A blog experiment by Brad Mills.


Creating a buzz about Scrabble

Typically I segregate the various parts of my life. Somewhere along the way I decided that certain people simply weren't interested in certain things, so there was no need for me to bore them by bringing those things up. Silo-esque and inside the box thinking at its finest.

I'm starting to form another opinion in that area, though, and that opinion is: Fuck that shit. People are going to filter naturally, so there's really no need for me to; and there's no way for me to know what's going to strike someone's fancy. I have no problem being a catalyst and facilitator, and if a few folks expand their horizons at the cost of a few others bring bored, well, so be it.

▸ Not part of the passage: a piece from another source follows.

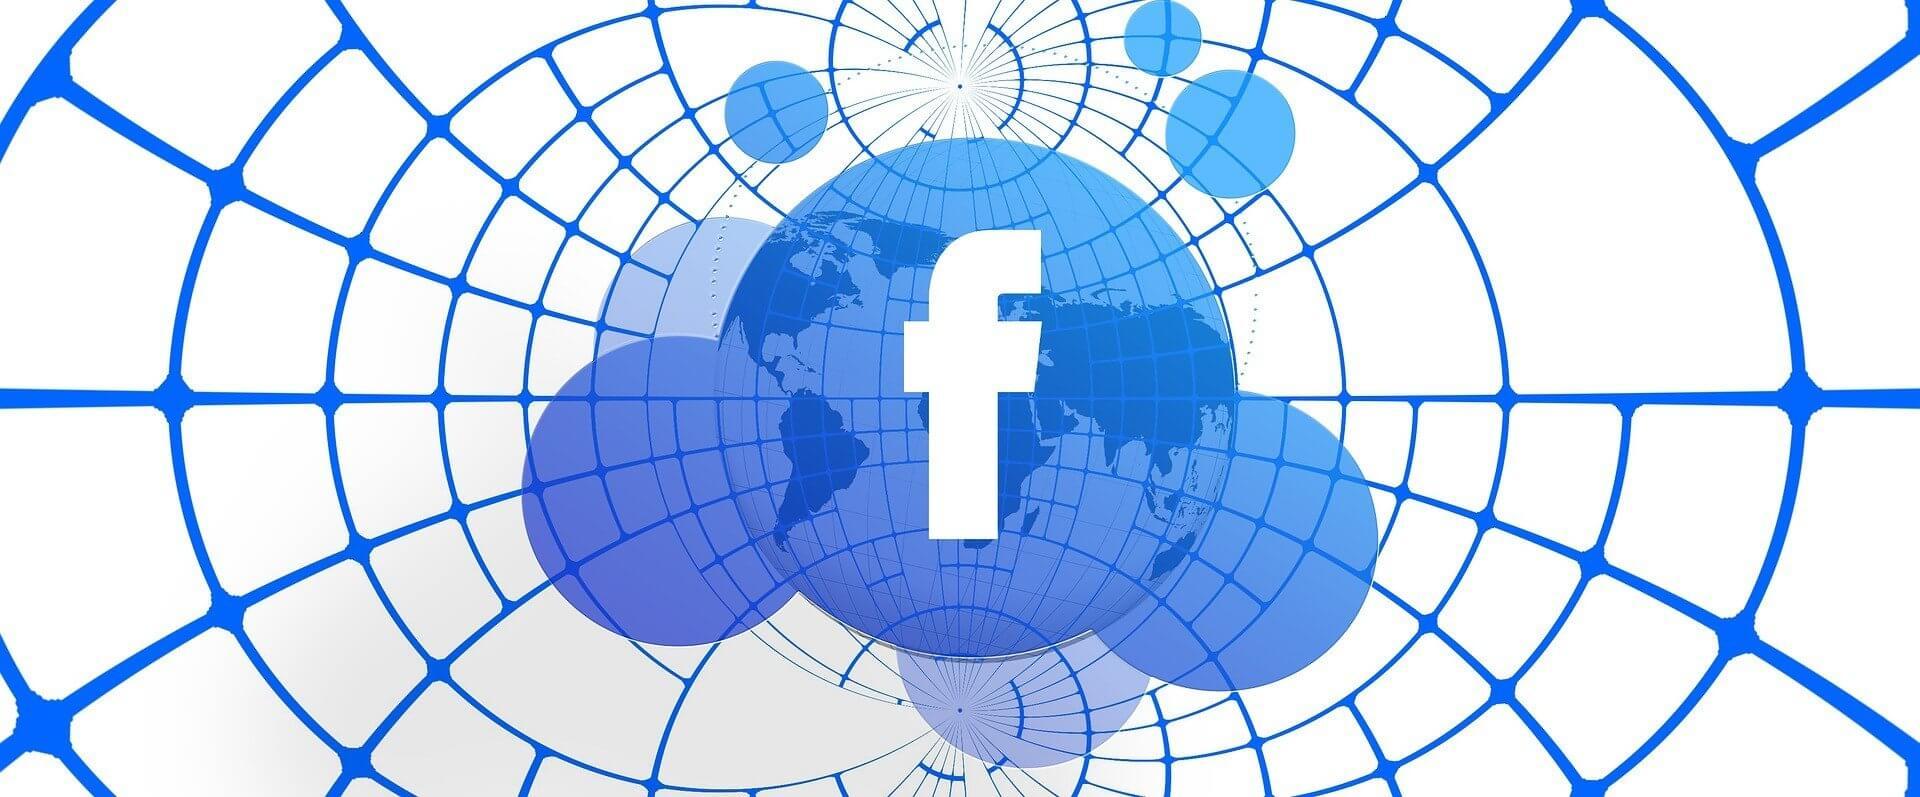 facebook logo on net background

So with that in mind, I'm going to do something I rarely do here. I'm going to talk about Scrabble just a little bit. The WV Scrabble Blog is where that topic usually goes, but that blog has been neglected to the point of irrelevance, and like I said, I want to possibly expand some horizons. And this isn't going to become a frequent topic here or anything, so don't worry about that. (I do reserve the right to revise that statement.)

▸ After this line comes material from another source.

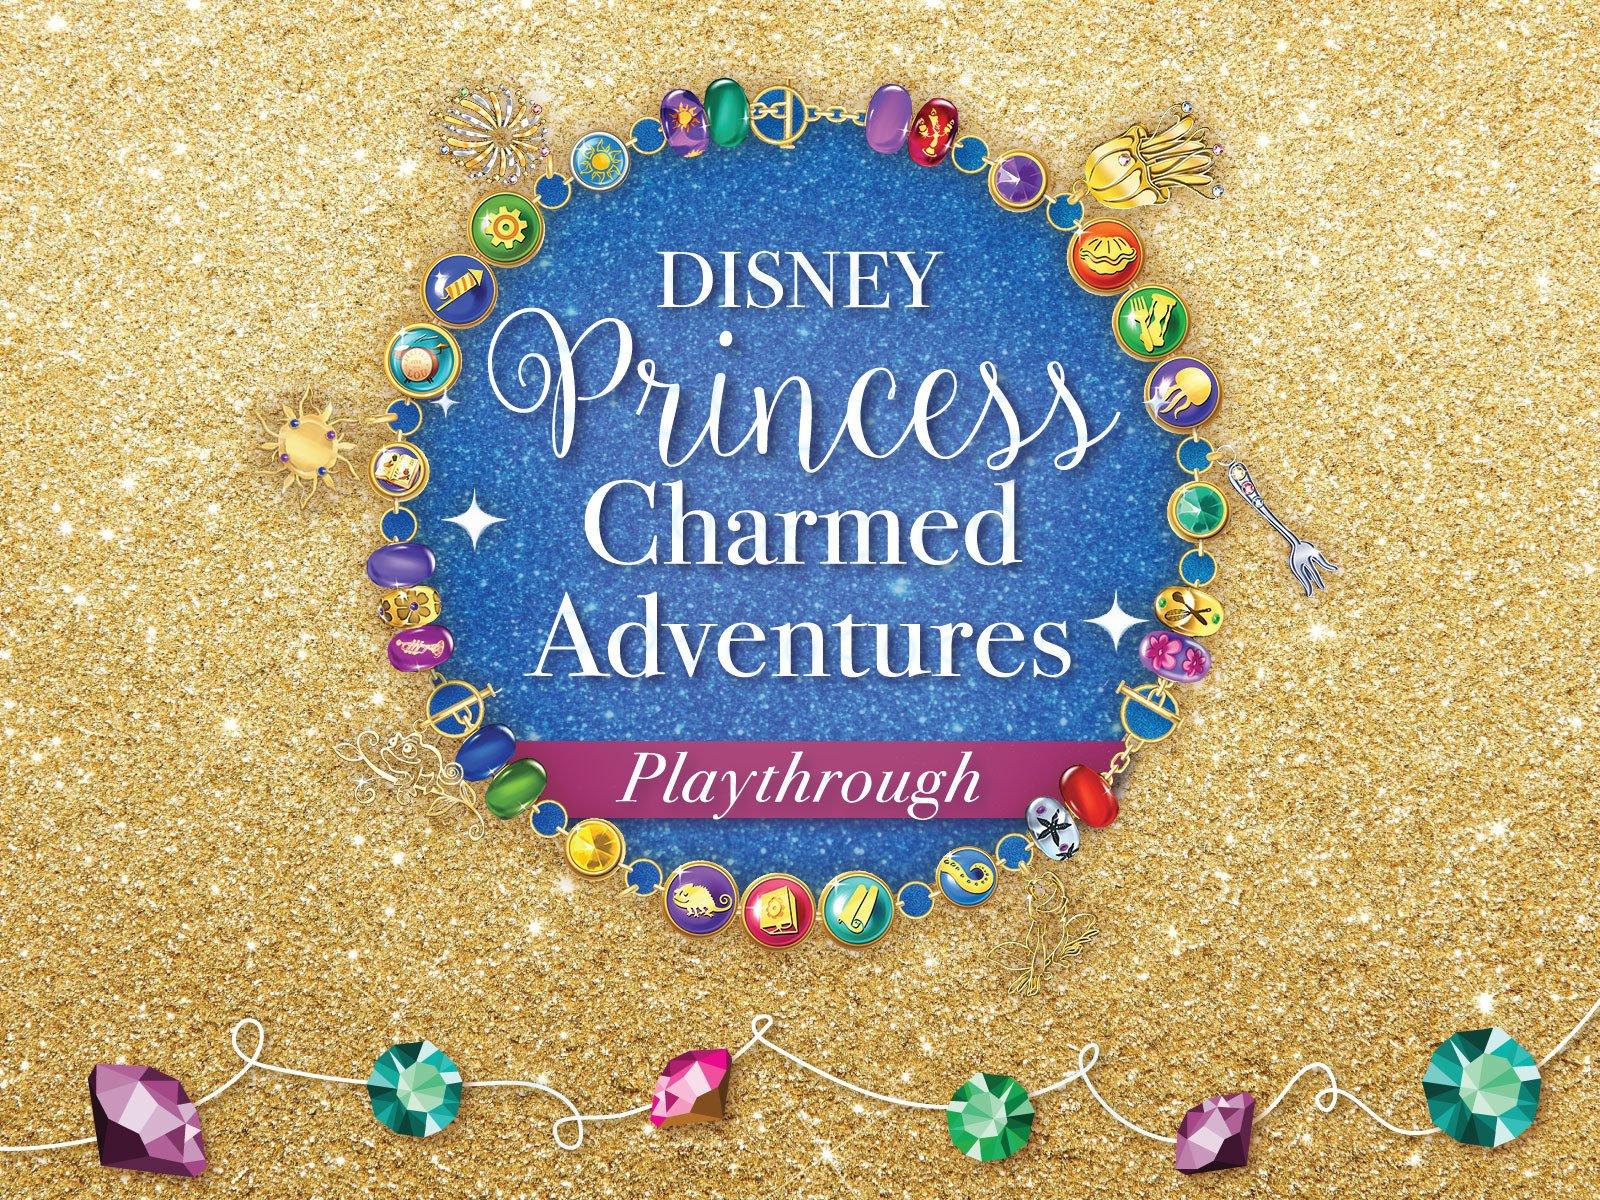 Clip: Disney Princess Charmed Adventures Playthrough - Season 1

I ran the 6th Annual West Virginia Scrabble Tournament this weekend, which pulled in 45 players from ten different states. The total tournament prize pool was almost $2500. Not huge money in the grand scheme of things, but nothing to sneeze at. It's not the biggest event I've run but it's definitely not the smallest either. It ran smoothly and with very few incidents — that's the way I like it, that's the way most players like it, and I work my ass off to make that manifest.

By my estimates, Charleston businesses picked up close to $5600 from this one event. Again: not huge money in the grand scheme of things, but nothing to sneeze at.

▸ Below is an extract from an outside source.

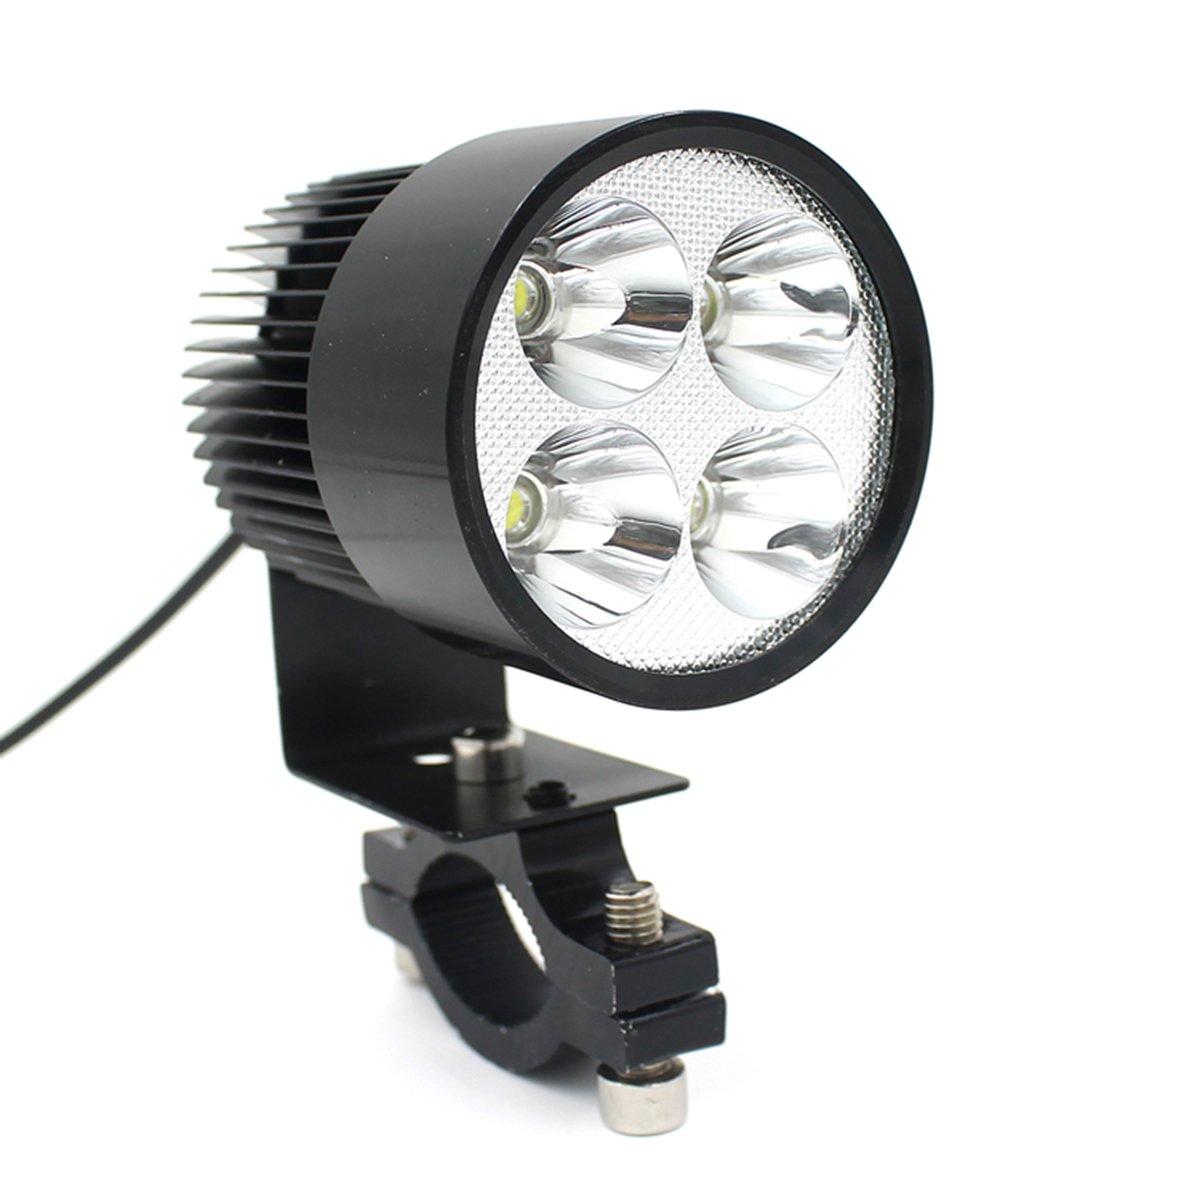 LEORX 12V-80V 20W Motorcycle E-bike LED Headlight Lamp Car Accessories (Black) 4336326743

However, it was a big weekend on a lot of different fronts. I landed — with some help — a radio interview to publicize the event (which is a first for me). At some point during the weekend, there was discussion (with someone who could probably make it happen) of a "Scrabble school" program getting started through the Kanawha County Library where people can come learn a few basics and some strategy. The club in Lexington, KY (which has had a somewhat rocky history) is interested in doing some kind of matchup with our club in the near future, something I've wanted to set up for several years. And finally, there might be a college-level course offered nearby (won't say where yet) in Spring 2012 on how competitive Scrabble relates to mental function while touching on other topics related to the game and getting the students to participate in actual club and tournament settings.

Interesting developments all, quite a few opportunities for growth, and lots of good publicity. The stars were definitely in alignment. The trick now will be capturing that momentum and going with it.

While the tournament was going on, several conference rooms next to ours were occupied by the Charleston Rose Society. I peeked into these other rooms a couple of times, and sure enough, there were roses all over the place... tables and tables and tables of them. And I kept thinking to myself, "There's really that much buzz about roses?" Apparently so — I had no idea.

I don't know how much buzz there can be about Scrabble, but it seems like it's a great time to try some things and see what happens.